Позднее, после «гибели богов», после крушения его идеалов, о которых «Дикая утка», несмотря на свои недостатки, дает объективное представление, Ибсен пытается создать таких героев, которые отвечали бы требованиям Грегерса Верле и все-таки не были бы, хоть отчасти, досягаемы для меткой критики Реллинга. При этом Ибсен впал в ложный аристократизм. Он хотел создать образ человека, далеко превосходящего средний уровень, он искал нового человека, поднявшегося выше старых противоречий, — но он (и это было тесно связано о его неспособностью критически отнестись к проповеди Грегерса и оценить ее историческое место) был вынужден конструировать нового человека из старого материала и только и мог, что искусственно его возвеличить.
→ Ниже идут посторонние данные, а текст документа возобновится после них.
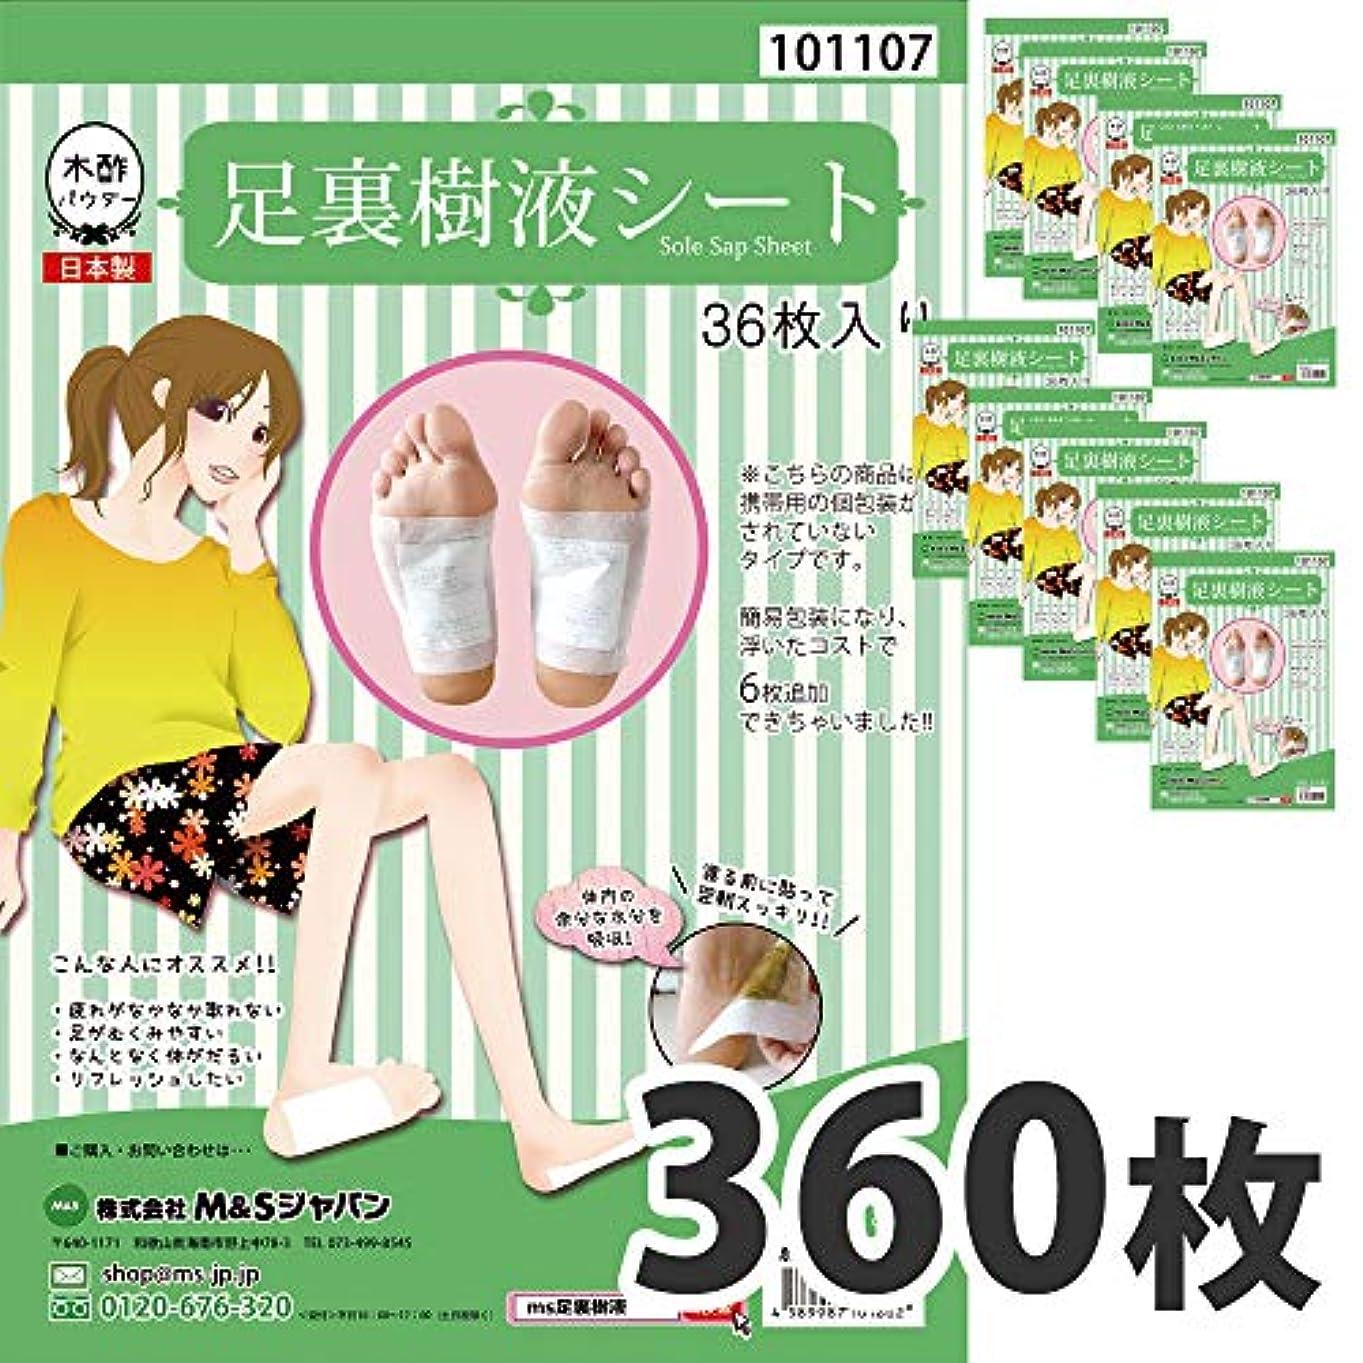 軽減やりすぎハング日本製 足裏樹液シート 足裏シート お得 人気 樹液シート 足裏 (360枚入り)
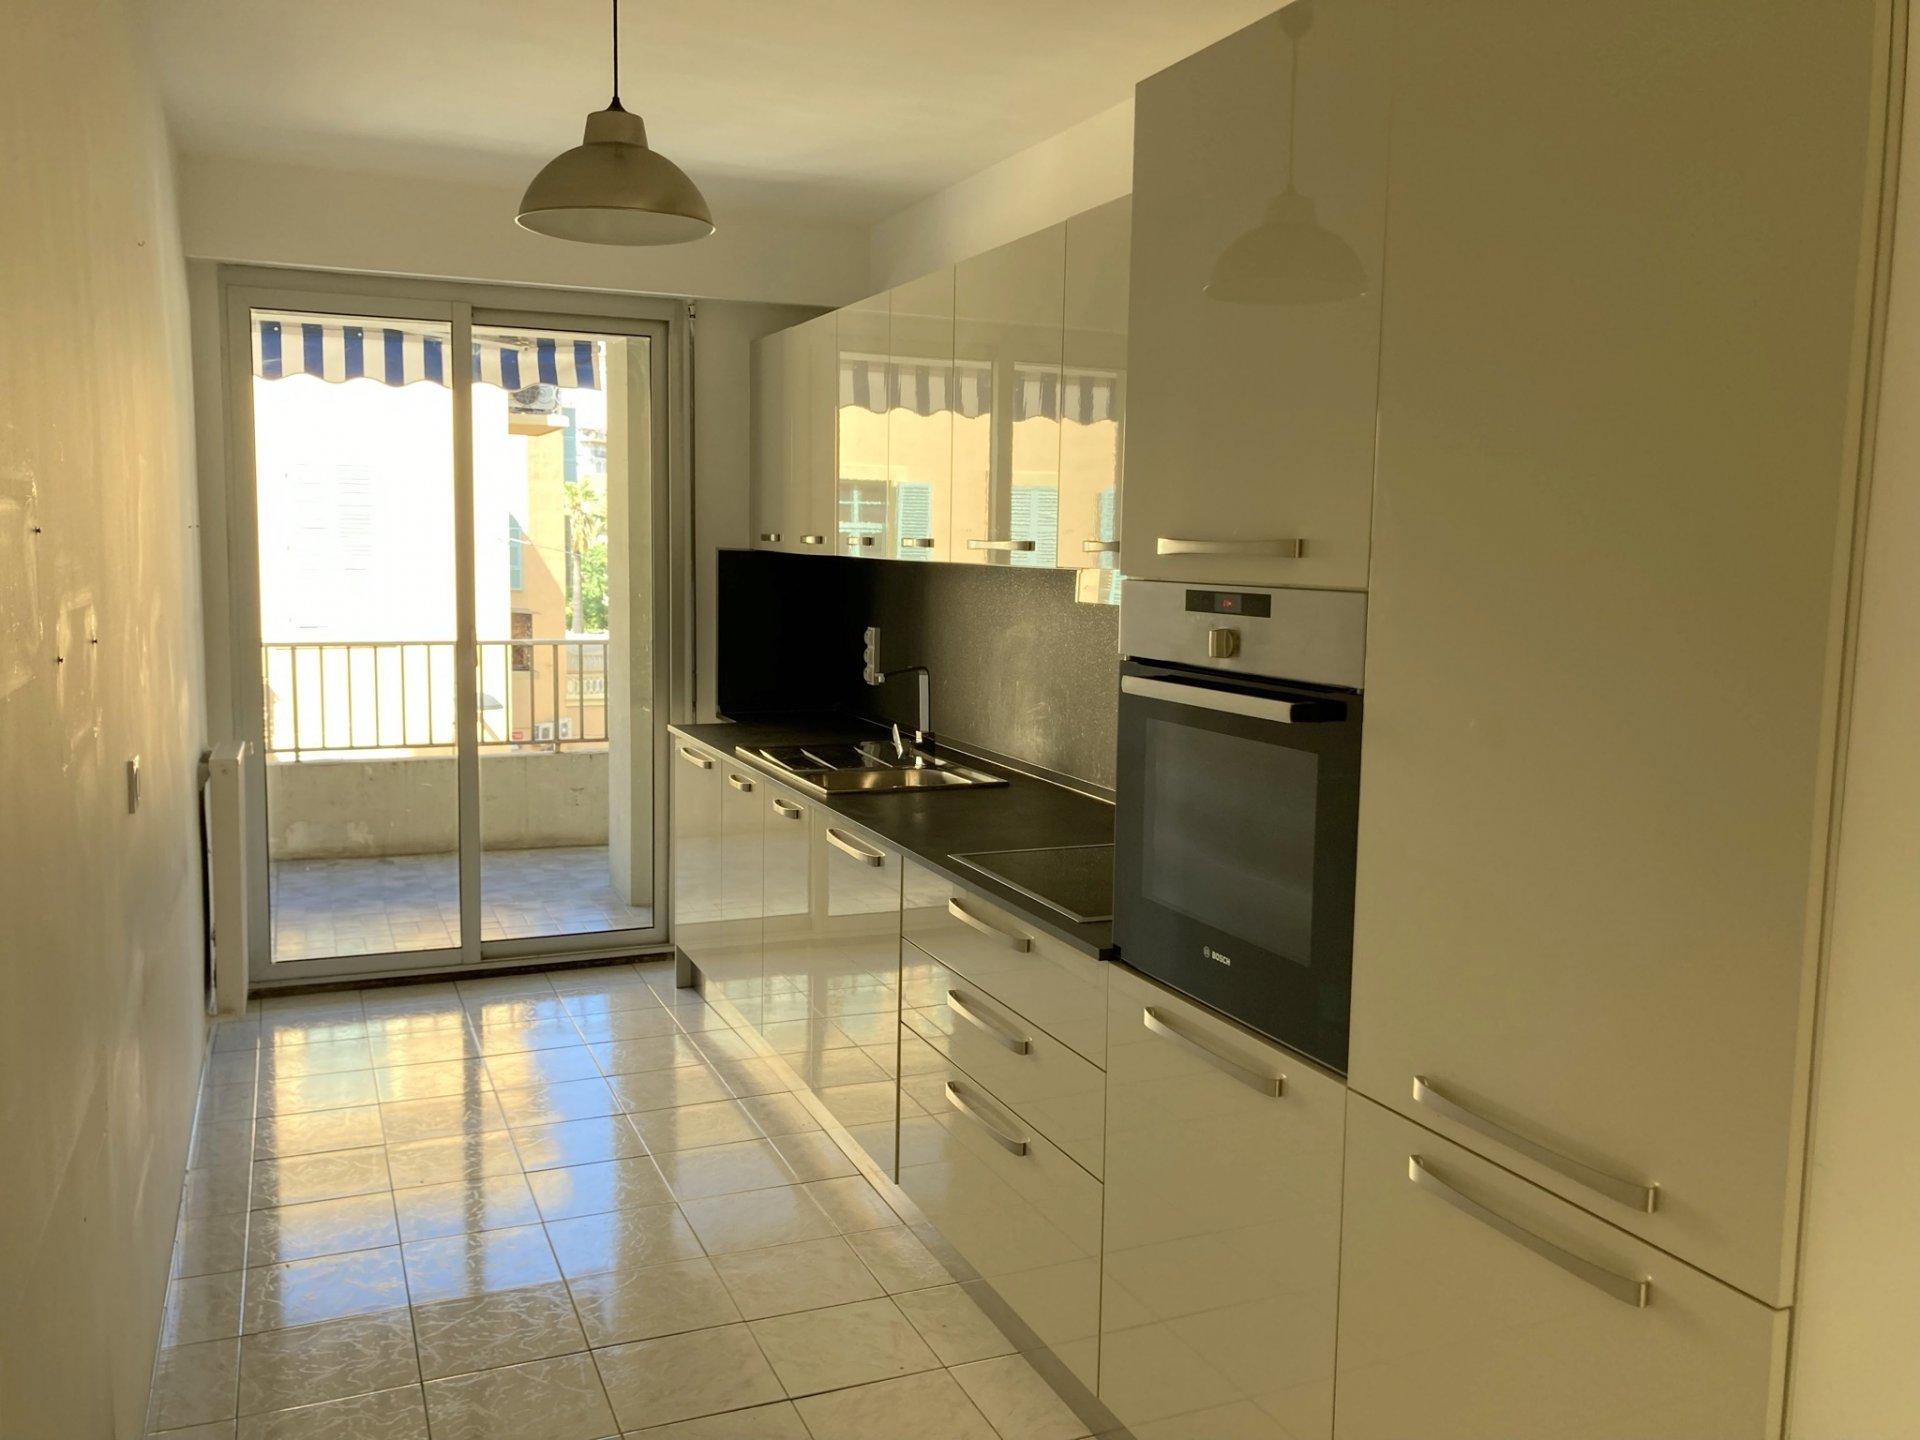 Location Nice, 2 pièces 60.30m² avec terrasse situé secteur  Garibaldi

Ибсен был слишком честным и мужественным писателем, чтобы не заметить низменных, отталкивающих, притом же и смешных черт своих новых героев — Росмера, Гедды Габлер, Сольнеса и др. Ибсен передает эти черты и тем не менее принуждает себя изображать Росмера и других как больших и трагических людей. Вследствие этого двойственность оценки людей, очевидная уже в с «Дикой утке», непрерывно нарастает. Писатель еще больше и переоценивает и недооценивает своих героев. Это непонятное сожительство друг друга исключающих оценок теснит Ибсена все дальше и дальше, и он создает персонажей, которые ходят на цыпочках, изо всех сил тянутся кверху, чья «трагическая избранность» взвинчивается сверх всякой меры всеми средствами символистской аппаратуры и чье сконструированное и потому никогда не убеждающее величие постоянно подвергается горьким насмешкам со стороны самого автора.
Не случайно символистские черты появились еще в «Дикой утке». Символизм — это художественный способ по крайней мере внешне соединить несоединимое, затушевать противоречия неразрешимые и непонятные в самой жизни, искаженно воспринятые и еще неправильней воспроизведенные. Как раз произведения таких больших реалистов, как Ибсен, показывают ясней всего. что символизм не был, художественным преодолением противоречий реалистической литературы конца XIX века, но свидетельством, что писатели не могут с этими противоречиями сладить, литература бежала в символизм, она пала до символизма.